Zulip Chat Archive
Stream: general
Topic: Data.Fix and a tricky termination proof
Harry Goldstein (Dec 08 2025 at 13:21):
a Hi all. I'm playing around with a way to encode Fix for types. (I see Mathlib has Fix, but I don't think that'd work if I wanted to actually run the fixed point? I want something like Data.Fix in Haskell.) I have the following so far, which seems like it should be a good start, but there are a couple of issues:
class DataFix (fixF : Type) where
f : Type → Type
instFunctorF : Functor f
instMembershipF : Membership fixF (f fixF)

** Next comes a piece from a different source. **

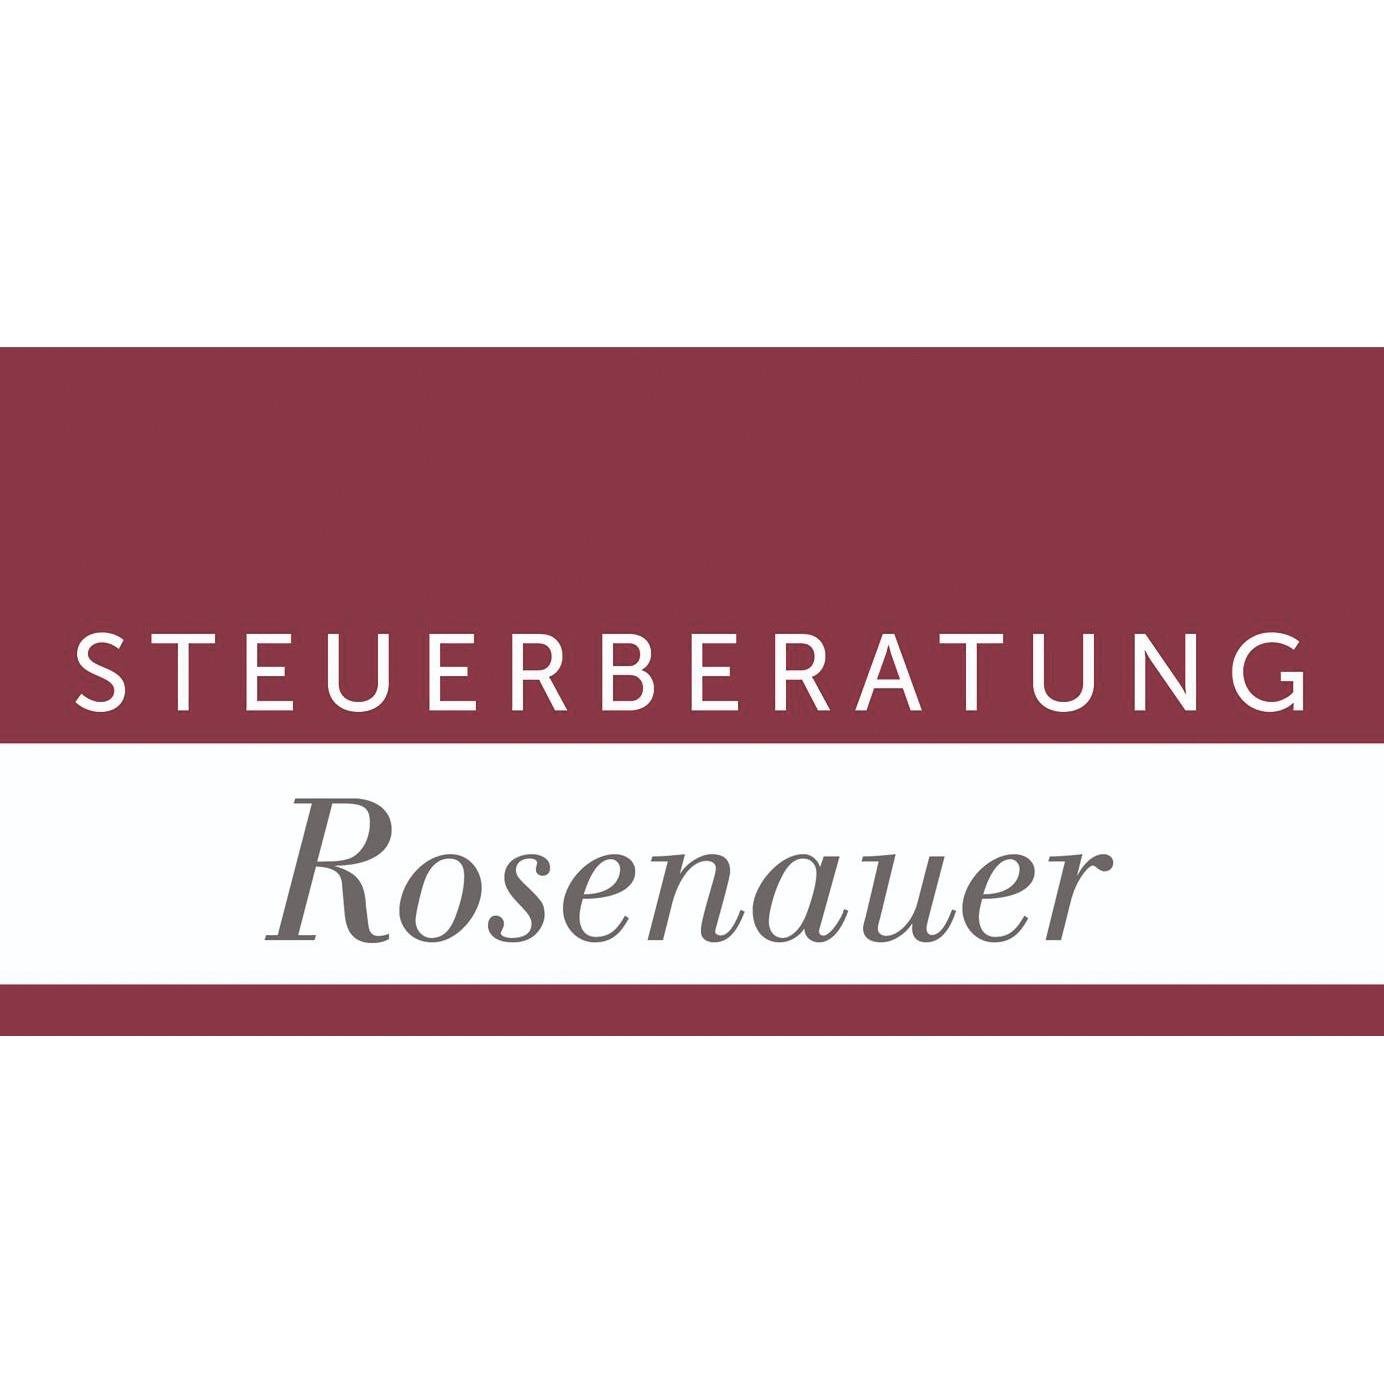 Rosenauer österreichische & deutsche Steuerberater

unfoldStep : fixF → f fixF
foldStep : f fixF → fixF
def DataFix.base (fixF : Type) [DataFix fixF] : Type → Type := DataFix.f fixF
instance DataFix.instFunctorBase [DataFix fixF] : Functor (base fixF) := DataFix.instFunctorF
class LawfulDataFix (fixF : Type) extends DataFix fixF where
unfoldStep_foldStep_id : Function.LeftInverse foldStep unfoldStep
foldStep_unfoldStep_id : Function.RightInverse foldStep unfoldStep
unfoldStep_size : x ∈ unfoldStep y → sizeOf x < sizeOf y
def DataFix.fold [LawfulDataFix fixF] (alg : base fixF β → β) (x : fixF) : β :=
(alg ∘ Functor.map (fold alg) ∘ unfoldStep) x
termination_by sizeOf x
decreasing_by
-- apply LawfulDataFix.unfoldStep_size
sorry
The first issue is that I'm not sure about the best way to say "when you call Functor.map on this, everything you find will be smaller" — I'm currently encoding it with Membership but I doubt that's correct. But there's also a more basic issue, which is that I don't actually know how to access my assumptions about fixF in the decreasing_by proof. Any advice, either about the mechanics or about the broader modeling question, would be much appreciated.
EDIT: I managed to get it to work with PFunctor, which makes a lot of sense in retrospect.